Based on an examination of relevant literature on the issue, some of the possible reasons behind the delays can be traced to the inexperience of contractors, lack of sufficient logistics, material issues, quality issues, improper financing, and issues with site management. While these can be considered as being some of the possible causes for the construction delays, they are issues that can be found in most construction sites around the world, however, the delays seen in the case of Saudi Arabia are unique since instead of delays amounting to a few months, which are normally seen in other construction sites that have the aforementioned issues, the delays in Saudi Arabia can reach several years. This is indicative of an issue that has yet to be clearly determined that is at the root cause of the construction delays in the country.
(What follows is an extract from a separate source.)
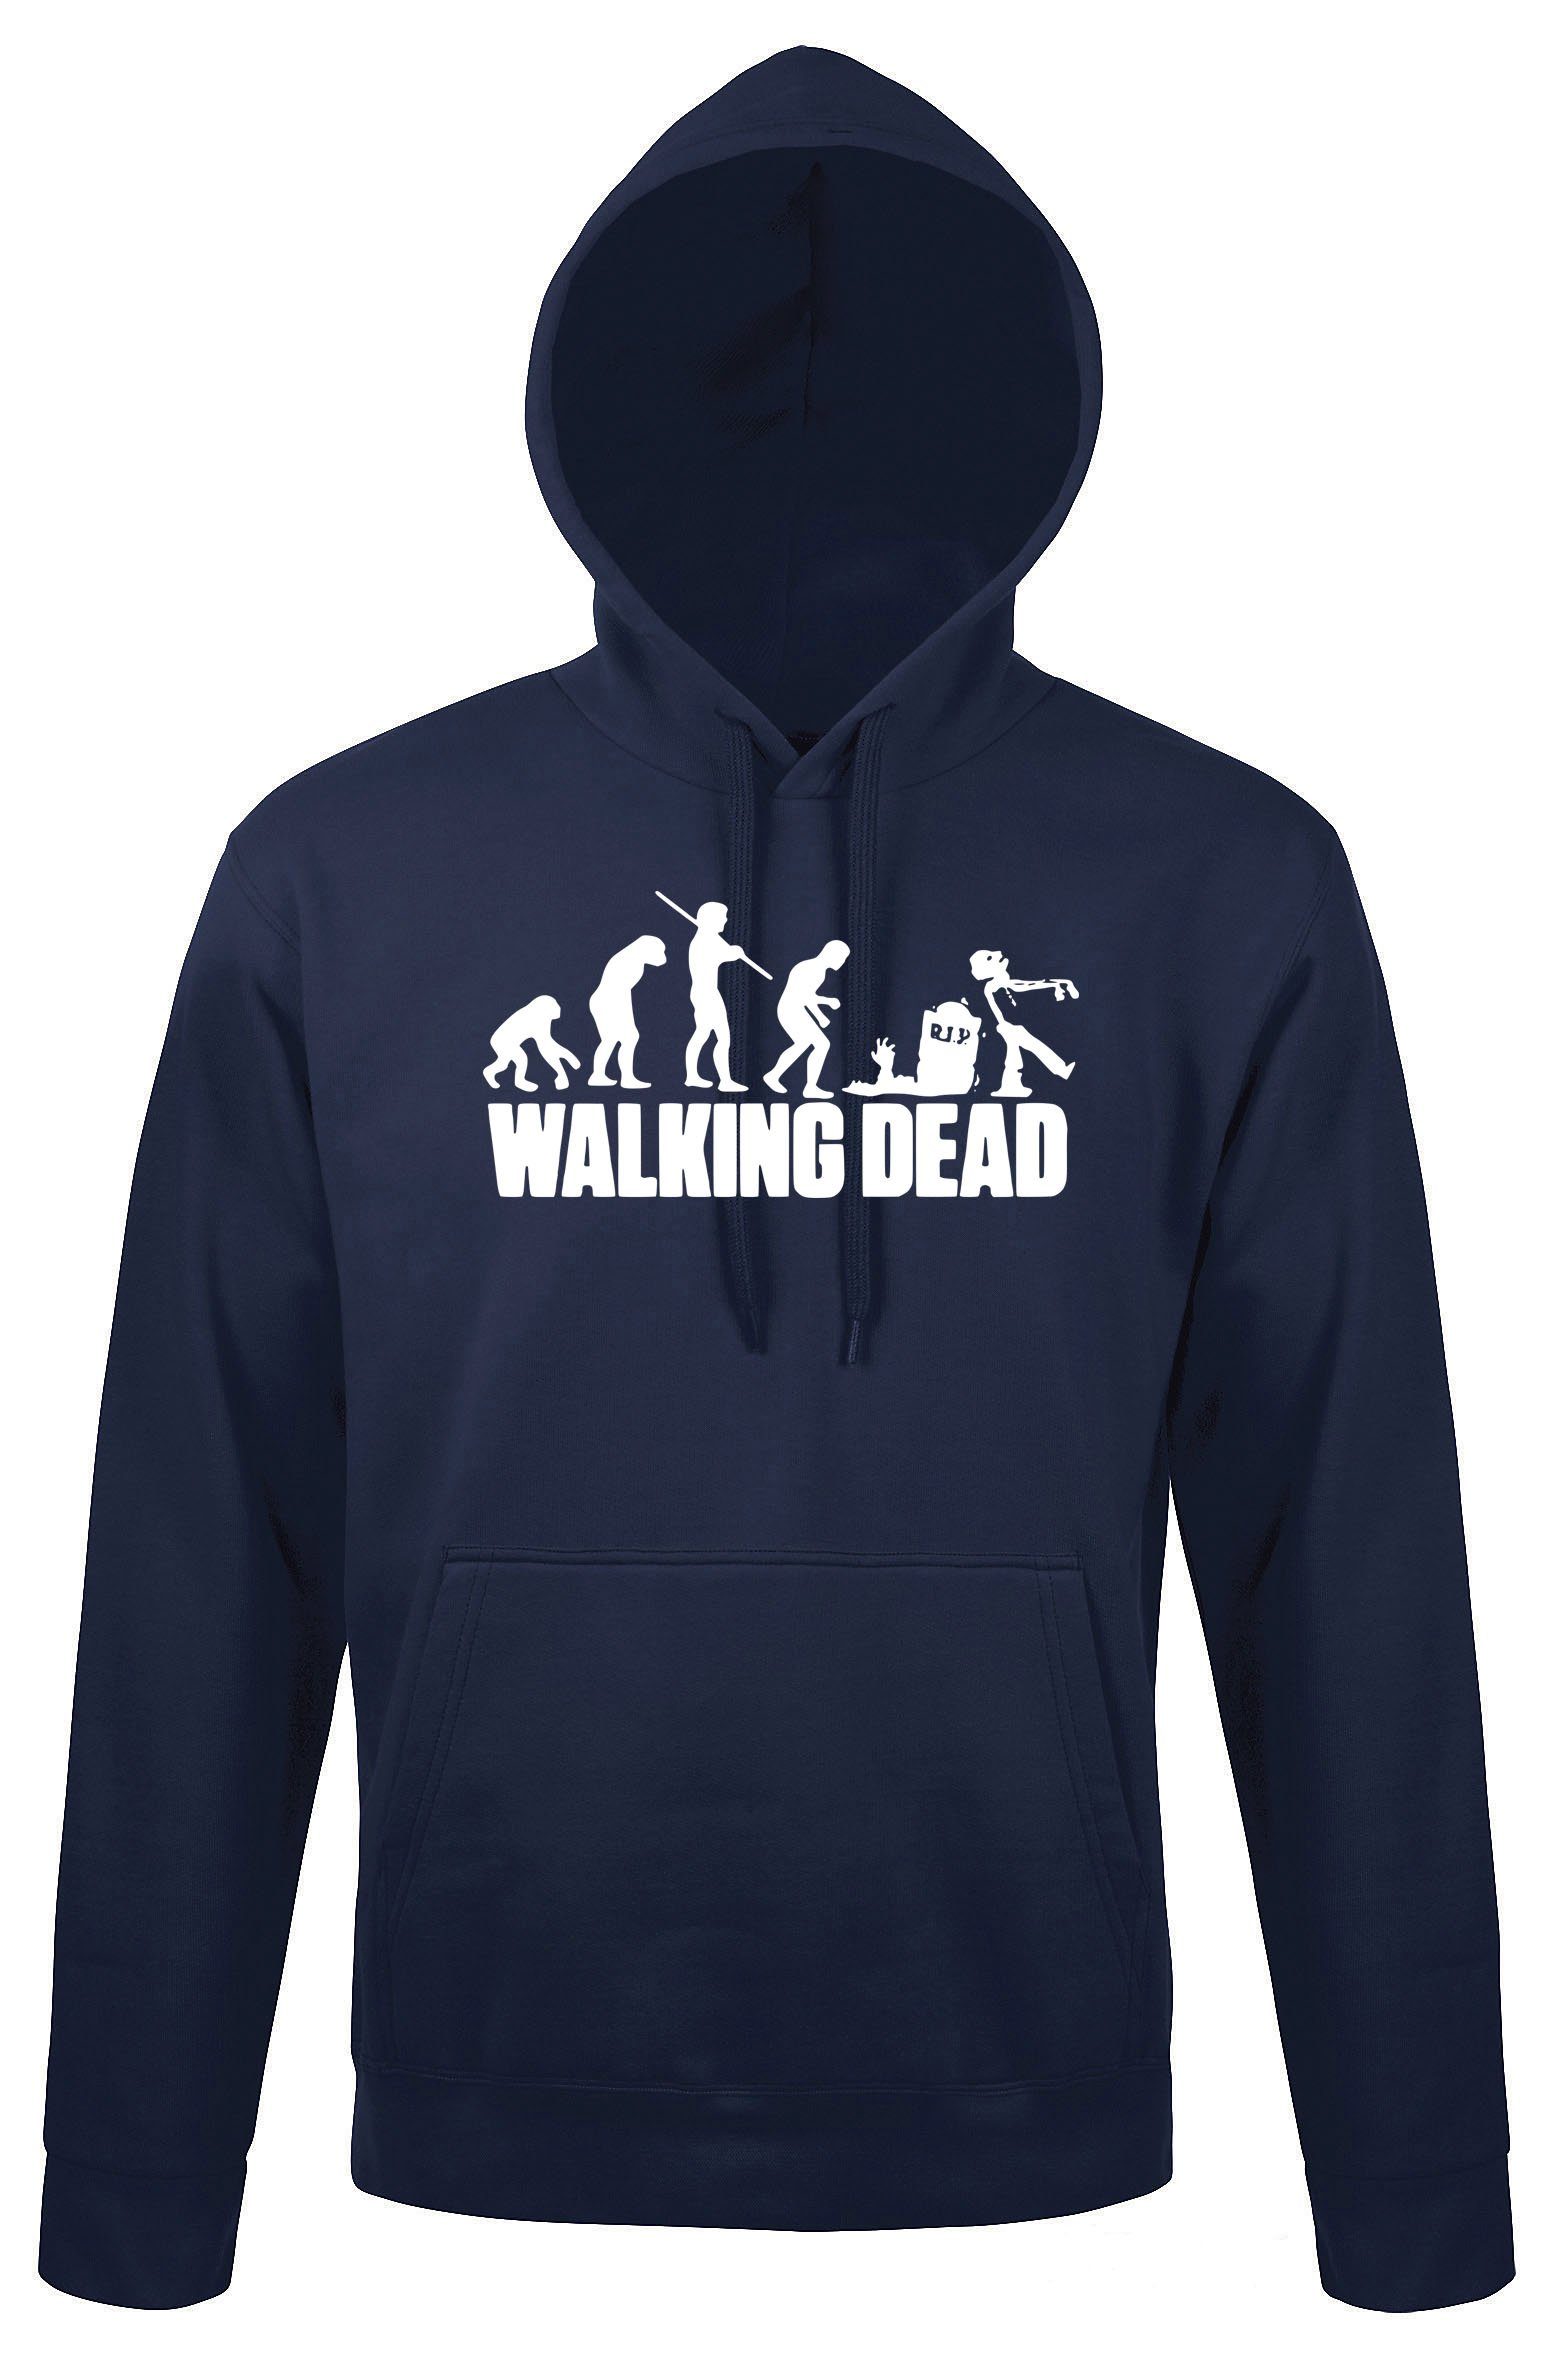 Walking Herren Dead Serien Navyblau Kapuzenpullover Designz mit Hoodie trendigem Motiv Pullover Zombie Youth

The reason why the problem has gone unaddressed for so long is due to the losses being absorbed by the Saudi government when it comes to the country’s “mega projects” due them being connected to the domestic policy agenda of the government in making the country seem like a viable investment location for international investors.
Disparity between Small Scale and Large Scale Project Outcomes
Oddly enough, further examination of the literature reveals that small scale projects within the country are not as affected by the same delays seen in the country’s mega projects. It was noted that small scale developments related to housing projects and mid-rise buildings under local contractors and developers were actually on time and if delays did occur, they lasted for only a few months at most. As such, this is indicative of the massive delays being primarily isolated to large scale and elaborate projects and not necessarily indicative of the state of the entire Saudi construction industry as a whole. What impacts one side of the industry and not the other is one aspect that has yet to be fully determined and definitely has a connection to the root cause behind the massive delays seen in the country’s large scale and elaborate construction endeavours. It is this gap in the literature that will be explored in the dissertation and whether such problems are unique to Saudi Arabia or are endemic to the region as a whole.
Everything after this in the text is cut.